We considered an off-the-shelf estimator from the existing literature (Bhamidipati & Gao, 2020a; Shepard & Humphreys, 2014) on GPS-vision localization in urban areas. The off-the-shelf GPS-vision estimator considers the same measurement models as that of the proposed ILA technique discussed earlier in Section 3.1. Utilizing the most recent history of input measurements from GPS and vision, we designed a cost function using the Huber M-estimator (Huber, 2004) that is comprised of a summation of the following residuals: GPS pseudoranges, pixel intensities, and system motion dynamics. Thereafter, we executed graph optimization using the Levenberg Marquardt method (Laurakis, 2005) to simultaneously localize both the system and key image pixels. From heuristic analysis, we chose the Huber constant for the M-estimator as 4.32. To maintain uniformity, both the off-the-shelf estimator and the proposed ILA technique shared the same initialization procedure.
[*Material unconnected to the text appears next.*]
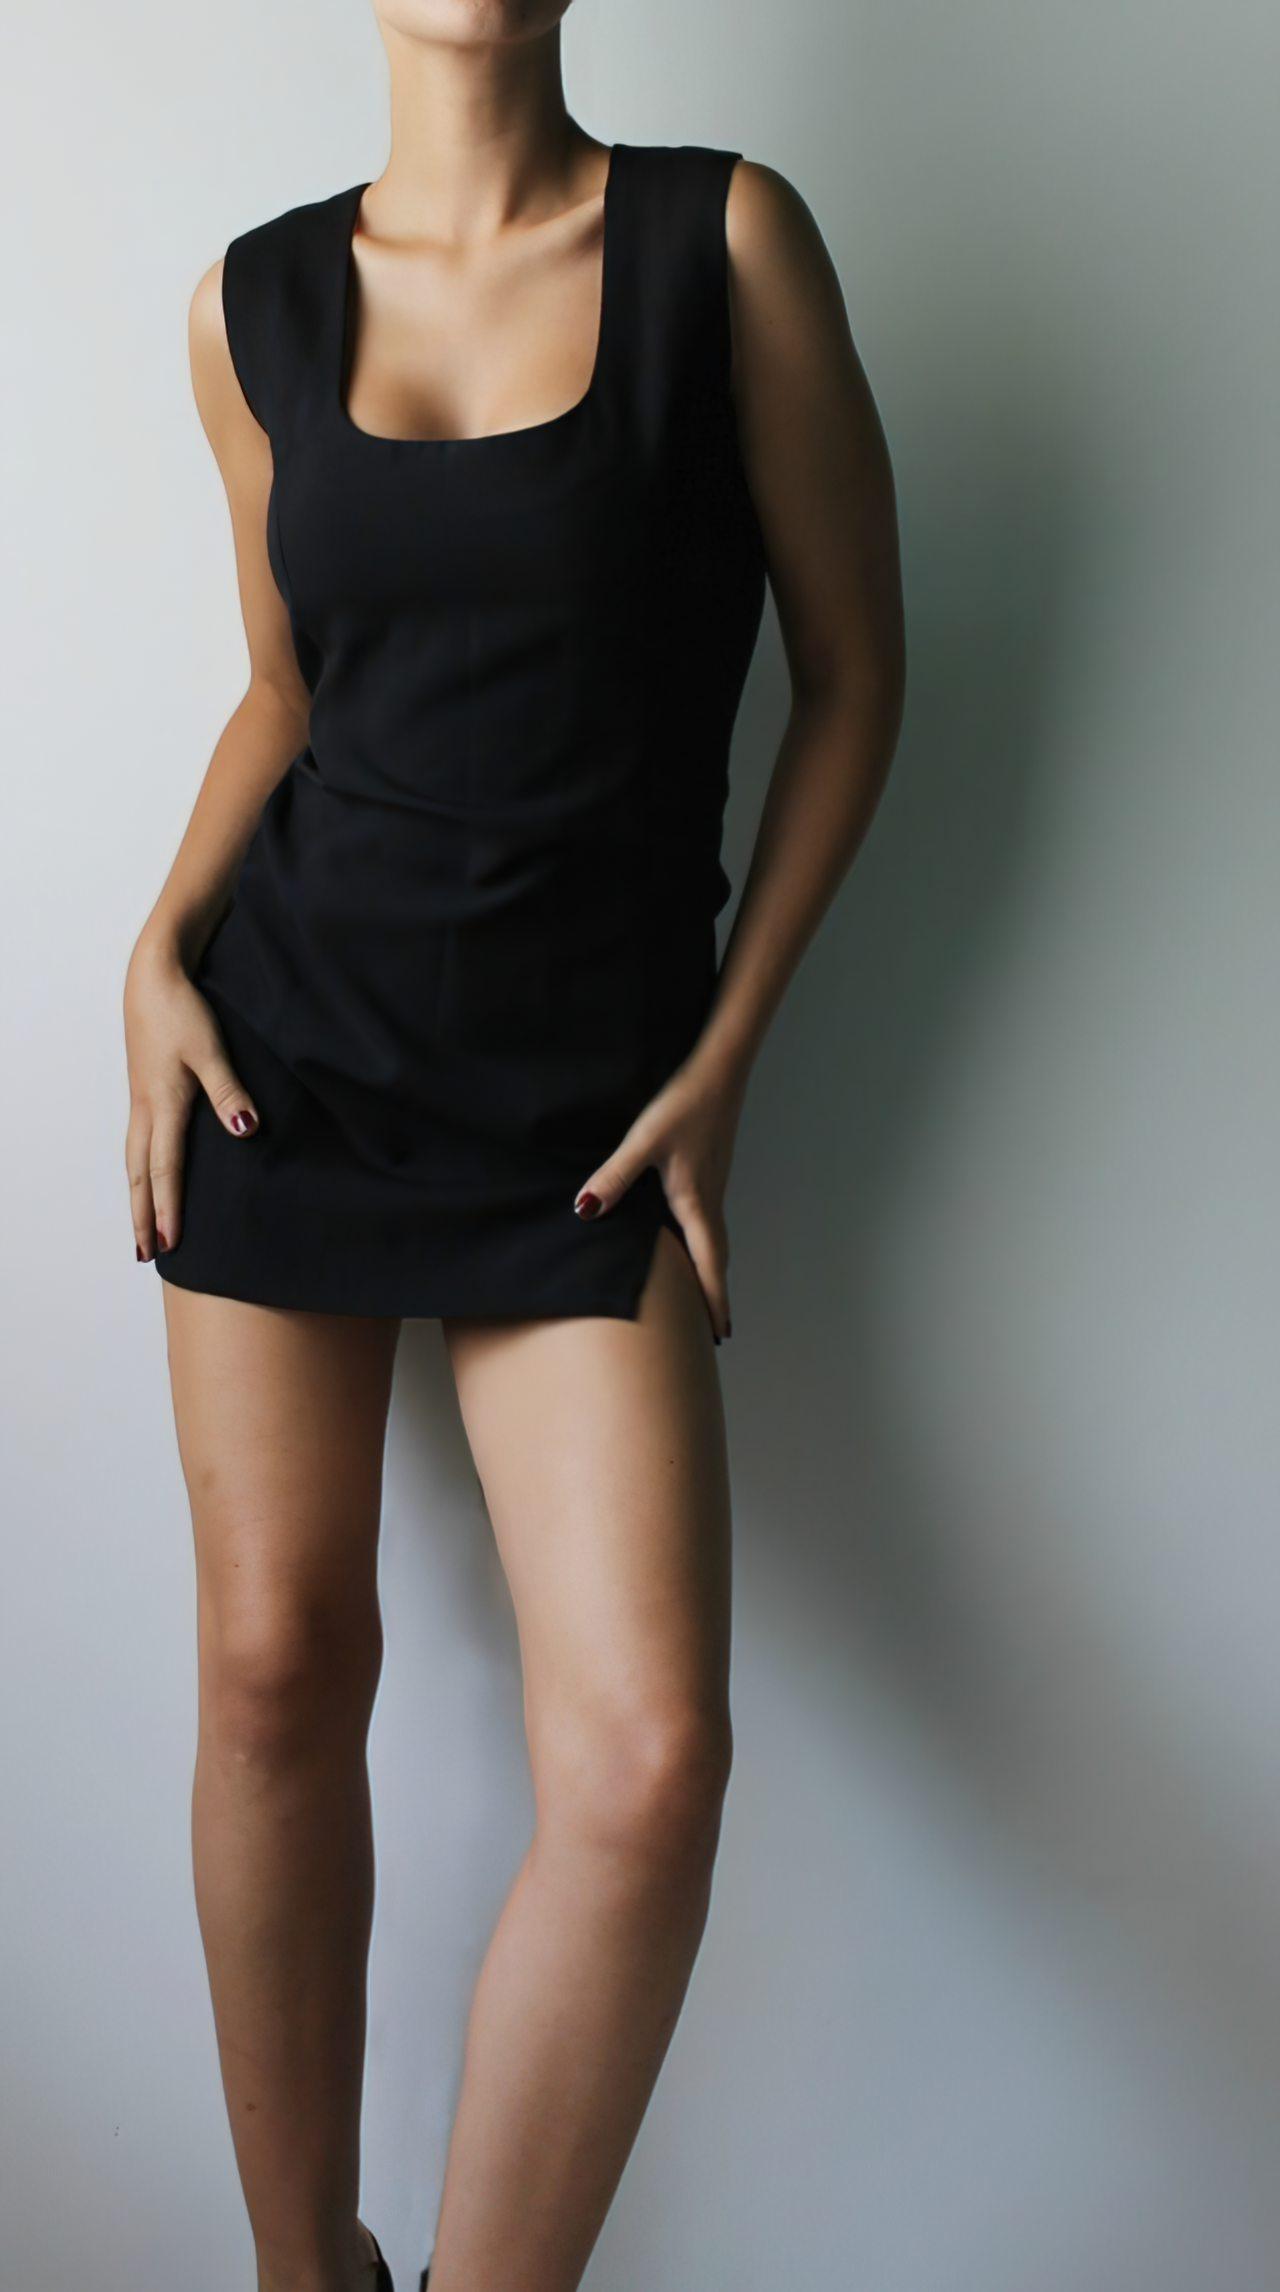 Mulher Despindo Vestido (1)

As seen in Figure 8, the initialization procedure of the proposed ILA technique was performed in two stages: camera calibration and GPS-vision calibration. Referring to the existing works (Bhamidipati & Gao, 2020a; Engel et al., 2018), we followed a standard calibration procedure for the camera comprised of intrinsic calibration, removal of radial distortion, and photometric calibration. Using several images taken from different positions, we estimated the intrinsic parameters (i.e., *f _{x}, f_{y}, c_{x}, and c_{y}*) that mapped the 2D image frame to the 3D coordinates of the camera frame, and vice-versa, which are denoted by π and π

^{−1}in Equation (7), respectively.

During the camera calibration stage of initialization, we also estimated the radial distortion coefficients associated with the field-of-view (FOV) distortion model (Li et al., 2015) that converts the 2D pixel coordinates of the image frame from a distorted space to an undistorted one. These undistorted 2D pixel coordinates are given to the vision measurement model described earlier in Equations (7) and (8). Furthermore, we performed a photometric calibration that mapped the real-world energy received by a pixel (irradiance) to the respective intensity value. This photometric camera calibration (Engel et al., 2018), which accounted for lens attenuation, gamma correction, and known exposure times, increased the accuracy and robustness of our vision measurement model that is based on pixel intensity analysis.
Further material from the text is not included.